Concepto de pérdida o deterioro de la mercancía del artículo 66 de la Convención de Viena.

Un primer acercamiento al sentido estrictamente material del término “pérdida o deterioro de la cosa” nos lleva a entender que se refiere a cualesquiera menoscabos sufridos por la mercancía hasta que se produce la entrega física de la misma al importador, siendo evidente que dicho concepto no se ajusta necesariamente a las necesidades reales del tráfico mercantil internacional, pues cuando menos, resulta incompleta.

Así lo entiende el Convenio de Viena de 11 de Abril de 1980, que en su artículo 66, norma en la que lo asocia a la falta de conformidad en la entrega o a la imposibilidad de recibir la mercancía motivada en una causa fortuita, no imputable al comprador (vgr. Incendio, robo, prohibición expresa de exportación... etc).

Quedan excluidos de la acepción legal objeto de análisis los supuestos relativos al deterioro normal y habitual sufrido por causa del transporte, con independencia de que el vendedor y el propio transportista hayan manipulado los bienes objeto de venta con la diligencia debida asociada a este tipo de actividades (vgr.

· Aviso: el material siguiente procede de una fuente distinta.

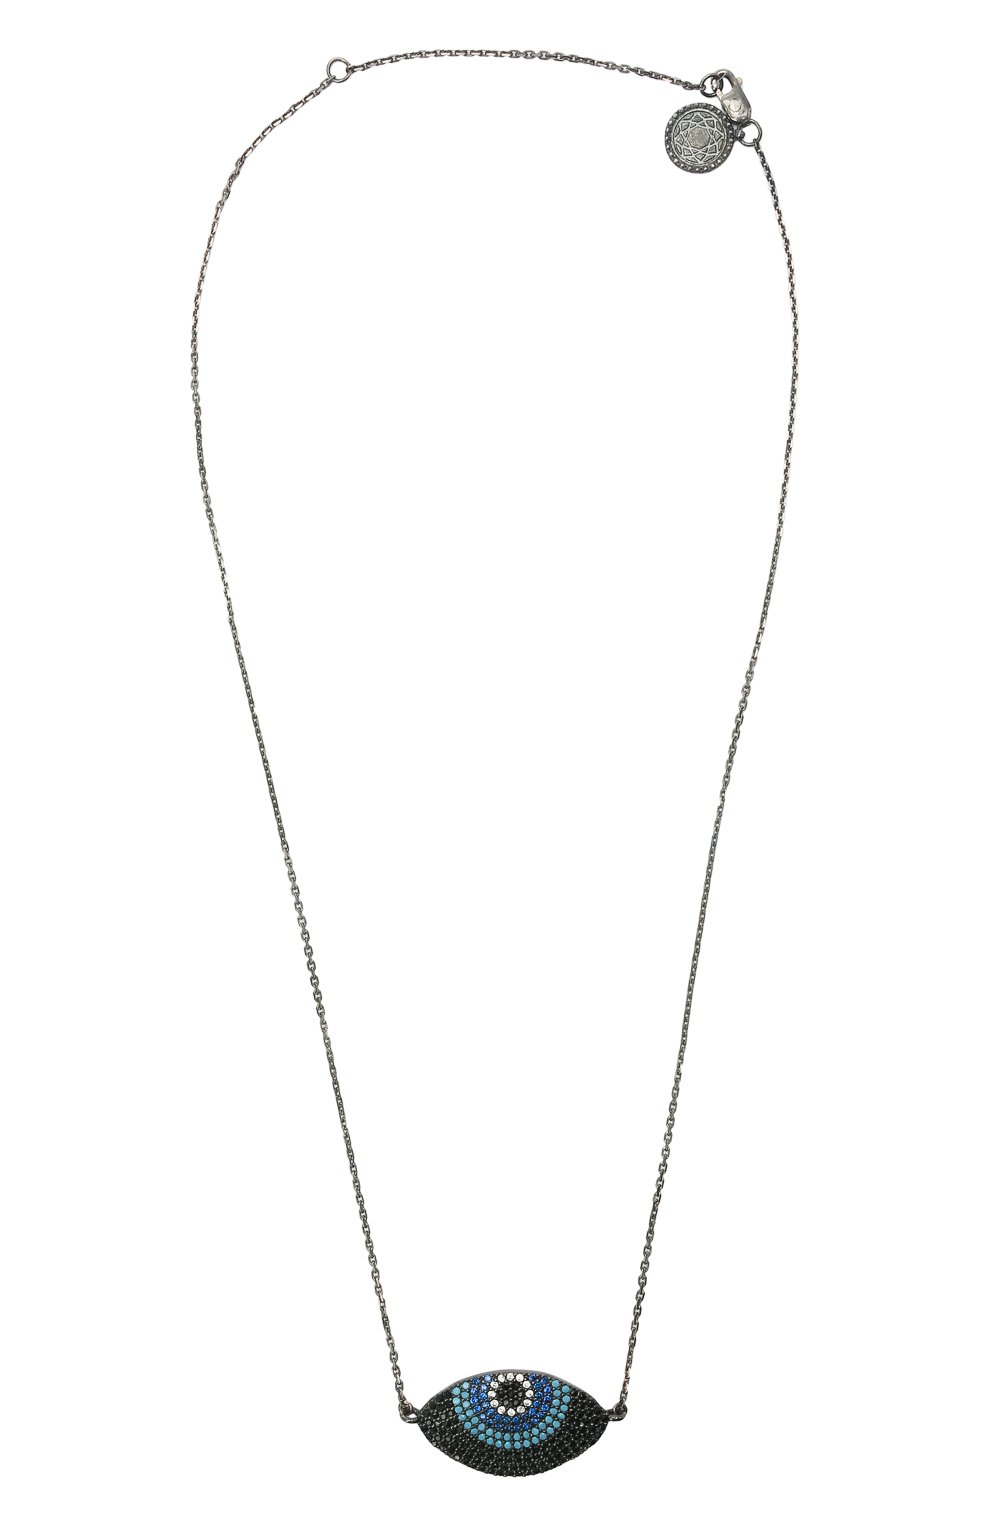 Женское колье глаз for fun DZHANELLI серебряного цвета, арт. 14738/090 | Фото 1 (Материал: Серебро)

Evaporación de bebidas alcohólicas durante el traslado al punto de destino en medio de transporte marítimo). En este supuesto es el comprador el obligado a asumir unas circunstancias que se escapan a la intervención humana, y que por tanto son concebidas , y se enmarcan legalmente , en el contexto de los “riesgos inevitables”.

Sin lugar a dudas otra cuestión es la referida al deterioro de la cosa objeto de venta originado en la selección de un embalaje inadecuado a las propias circunstancias del transporte, situación que evidenciaría la negligencia, o cuando menos la falta de profesionalidad del exportador en la tarea de hacer llegar lo vendido al punto de destino pactado.

En cualquier caso, y con la única finalidad de evitar posibles discrepancias de interpretación que puedan derivar en el consabido litigio, es del todo recomendable y conveniente establecer en el contrato y de forma expresa, cualesquiera circunstancias que puedan afectar a la conformidad de la entrega, determinando a su vez las correspondientes responsabilidades.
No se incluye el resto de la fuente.